▶ RECORDS FOR PROCESSING
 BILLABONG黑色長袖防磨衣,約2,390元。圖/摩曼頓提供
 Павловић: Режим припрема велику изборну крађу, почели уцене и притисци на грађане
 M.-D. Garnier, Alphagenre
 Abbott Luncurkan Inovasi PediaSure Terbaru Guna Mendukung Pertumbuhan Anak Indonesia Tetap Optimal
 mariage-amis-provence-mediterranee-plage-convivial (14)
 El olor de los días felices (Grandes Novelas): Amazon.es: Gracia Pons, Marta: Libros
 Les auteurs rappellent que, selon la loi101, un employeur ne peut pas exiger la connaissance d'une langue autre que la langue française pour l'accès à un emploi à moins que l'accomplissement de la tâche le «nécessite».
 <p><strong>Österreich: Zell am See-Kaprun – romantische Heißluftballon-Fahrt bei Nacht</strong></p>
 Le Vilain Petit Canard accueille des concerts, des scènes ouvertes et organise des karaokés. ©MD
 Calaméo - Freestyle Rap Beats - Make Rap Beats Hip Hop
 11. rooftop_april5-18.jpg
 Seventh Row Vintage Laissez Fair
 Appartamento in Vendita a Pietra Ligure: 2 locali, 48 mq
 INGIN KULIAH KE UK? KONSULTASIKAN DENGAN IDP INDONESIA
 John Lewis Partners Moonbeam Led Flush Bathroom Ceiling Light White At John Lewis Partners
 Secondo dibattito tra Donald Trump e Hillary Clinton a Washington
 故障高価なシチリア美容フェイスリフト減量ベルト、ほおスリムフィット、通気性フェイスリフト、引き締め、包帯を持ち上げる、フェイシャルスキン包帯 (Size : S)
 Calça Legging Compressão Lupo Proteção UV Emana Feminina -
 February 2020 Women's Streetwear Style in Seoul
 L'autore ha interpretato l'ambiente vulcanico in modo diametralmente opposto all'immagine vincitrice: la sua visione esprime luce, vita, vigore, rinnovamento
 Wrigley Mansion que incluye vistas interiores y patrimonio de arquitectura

▶ AIM OF THE TASK
In the listing above, find the line holding "El olor de los" and the line holding "11. rooftop_april5-18.jpg", then output those two lines and every line between them exactly.

▶ OUTPUT
 El olor de los días felices (Grandes Novelas): Amazon.es: Gracia Pons, Marta: Libros
 Les auteurs rappellent que, selon la loi101, un employeur ne peut pas exiger la connaissance d'une langue autre que la langue française pour l'accès à un emploi à moins que l'accomplissement de la tâche le «nécessite».
 <p><strong>Österreich: Zell am See-Kaprun – romantische Heißluftballon-Fahrt bei Nacht</strong></p>
 Le Vilain Petit Canard accueille des concerts, des scènes ouvertes et organise des karaokés. ©MD
 Calaméo - Freestyle Rap Beats - Make Rap Beats Hip Hop
 11. rooftop_april5-18.jpg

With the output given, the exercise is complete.